Speakers
Description
A Low-Temperature Plasma (LTP) is a partially ionized gas in which electron energies are of the order of the ionisation potential of atoms and molecules, typically of a few eV, while the ions and the neutral are at low energy, close to room temperature. Essentially, this plasma represents a non-equilibrium system, with the electron temperature being higher than the ion temperature, even of orders of magnitude. In this kind of plasma, the interactions of neutrals with each other and with the wall play a particular role in the redistribution of energy, thus modifying, ultimately, the energy distribution function of the electrons. LTP are present in natural phenomena such as the interstellar medium and the aurora borealis, while laboratory and industrial LTP are of interest in various applied fields such as biomedicine, agriculture and food systems, energy, aerospace, electronics, materials science, environmental remediation and, more recently, plasma-catalysis.
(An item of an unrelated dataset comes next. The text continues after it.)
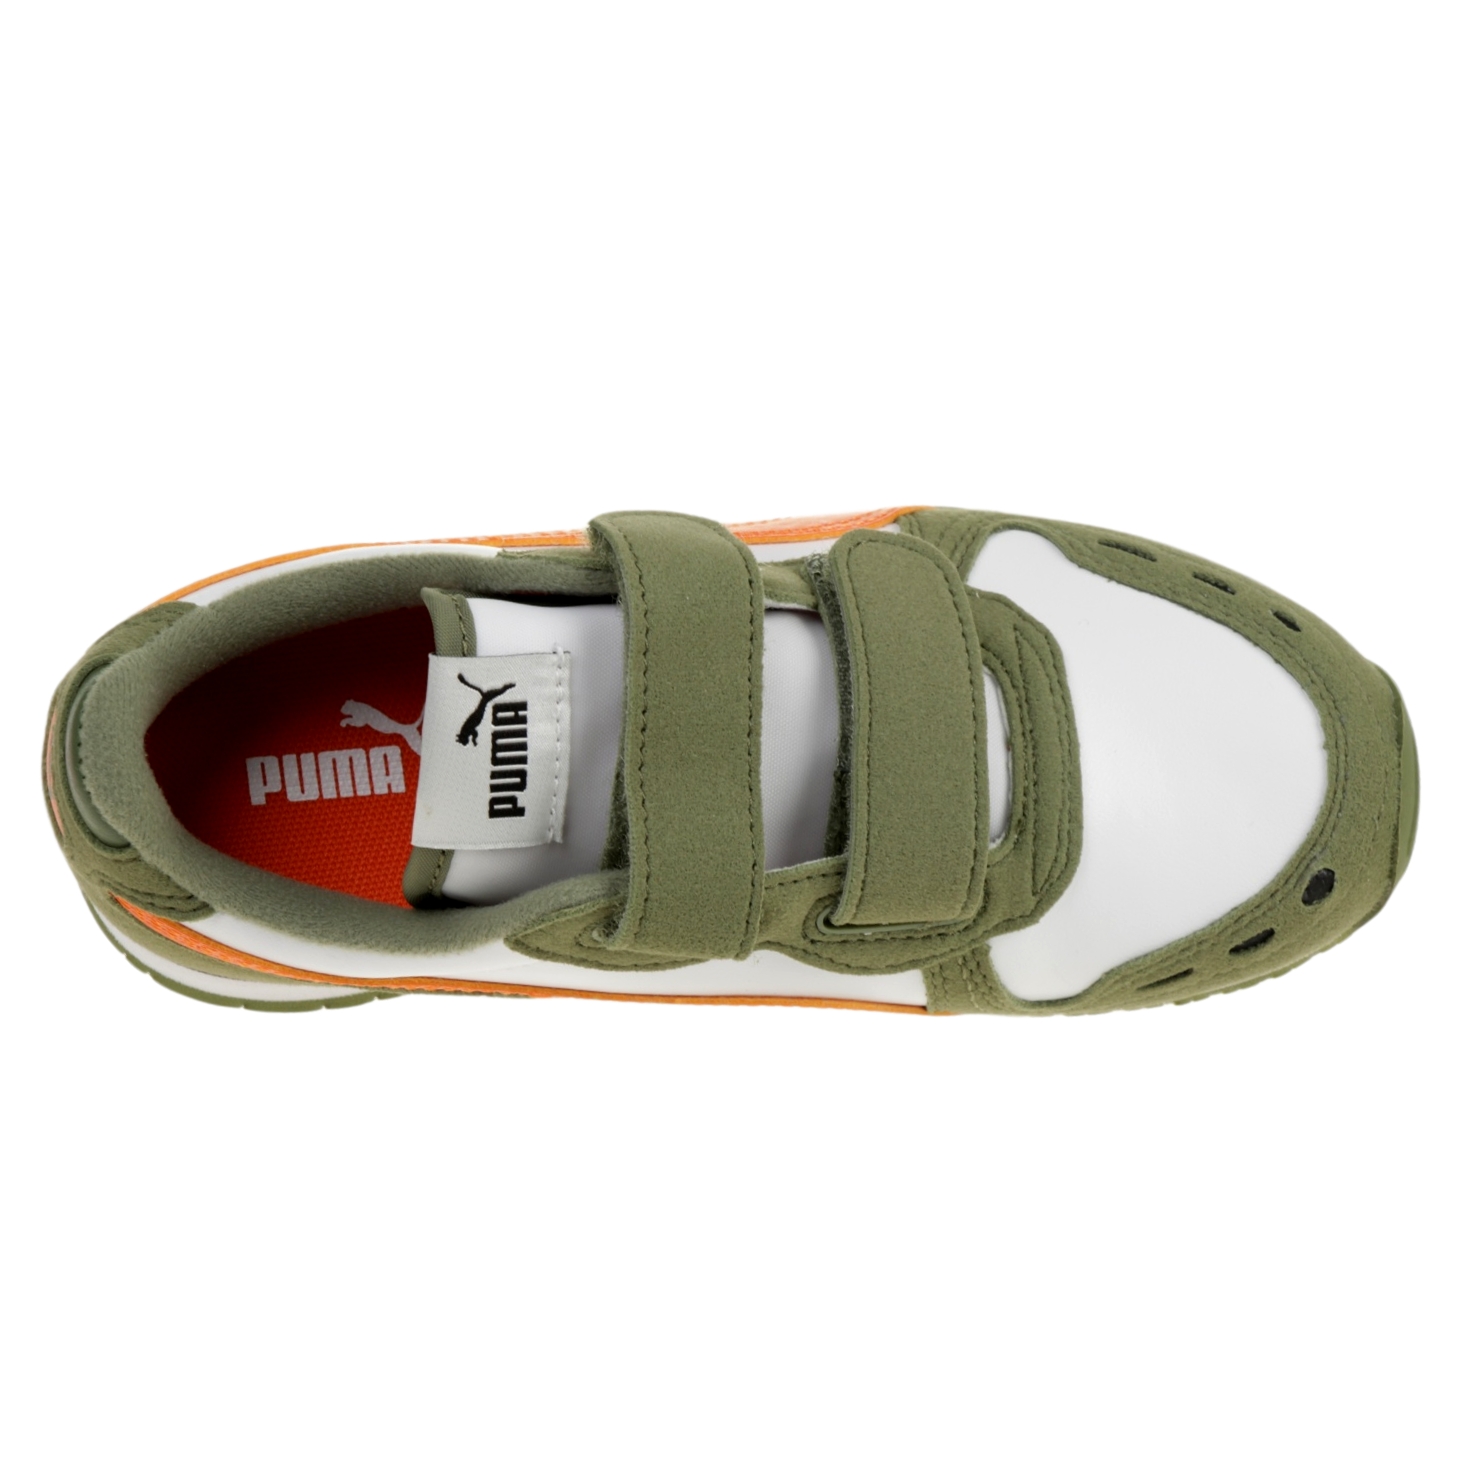 PUMA Cabana Racer SL V PS Kinder Sneaker Schuhe 360732 Grün

Dusty Plasma (DP) and Non-Neutral Plasma (NNP) constitute two special classes of LTP deserving a dedicated discussion. DP is a complex LTP plasma that also contains charged micro- or nano-particles, which led to more complex dynamics and processes that are not found in LTP.
For DP the field of interest spans from the synthesis of functional nanoparticles, environmental monitoring, semiconductor fabrication, and understanding planetary formation processes.
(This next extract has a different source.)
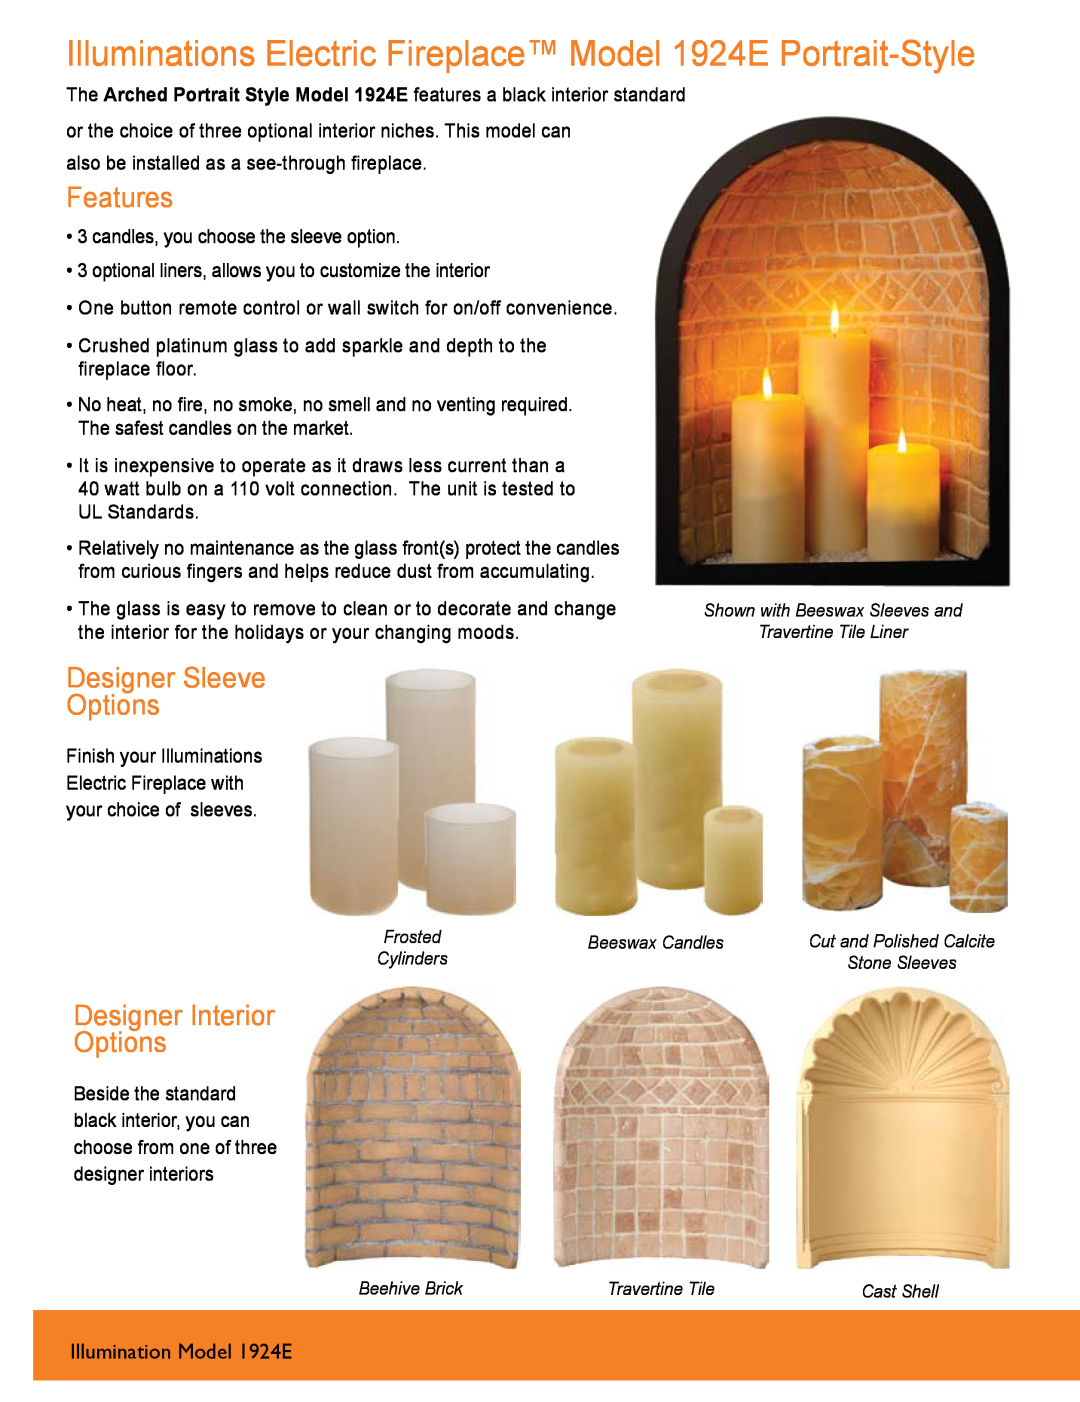 FireplaceXtrordinair 4915E manual Features, Designer Sleeve Options, Designer Interior Options, Illumination Model 1924E

In NNP the net charge creates an electric field large enough to play an important or even dominant role in the plasma dynamics. In the last years, these plasmas have attracted attention for the applications that can be derived for sophisticated devices, like free electron lasers, gyrotrons, or other electromagnetic wave generators.
LTP plasmas are characterised by multiple and complex physico-chemical processes occurring within them, which can be highlighted and studied through experimental setups equipped with appropriate diagnostic systems.
Furthermore, nowadays the need to create a synergy between experiments and theory is increasingly evident, and LTP are studied using multi-scale models (both on time and length) in which the result of the previous step becomes the input of the next step. These models are based on very accurate theoretical-computational methods, also due to the notable advances in HPC (High-performance computing). Of particular relevance in the study of LTP plasmas is the interplay between chemistry and physics, so that the introduction of the former can help to understand the occurrence of processes that would not otherwise occur. In this regard, it is worth mentioning a method, introduced in the 70s, which for many decades has been unique in the international scenario, this is the state-to-state approach used to study the kinetics, thermodynamic and transport properties of LTP (see [1] and references therein).
In this contribution, we will provide an overview of the key characteristics of LTP, with a specific focus on DP and NNP. We will highlight the chemical and physical processes that occur within these systems, as well as the theoretical modelling methodologies and experimental techniques used for their study and characterization. Additionally, we will emphasise the various applications of LTP. In this context, we will try to provide a comprehensive framework of the various Italian research groups that deal with the different aspects in the field of LTP.
Reference:
[1] M. Capitelli, et al. Plasma Sources Sci. Technol. , 16, S30 (2007).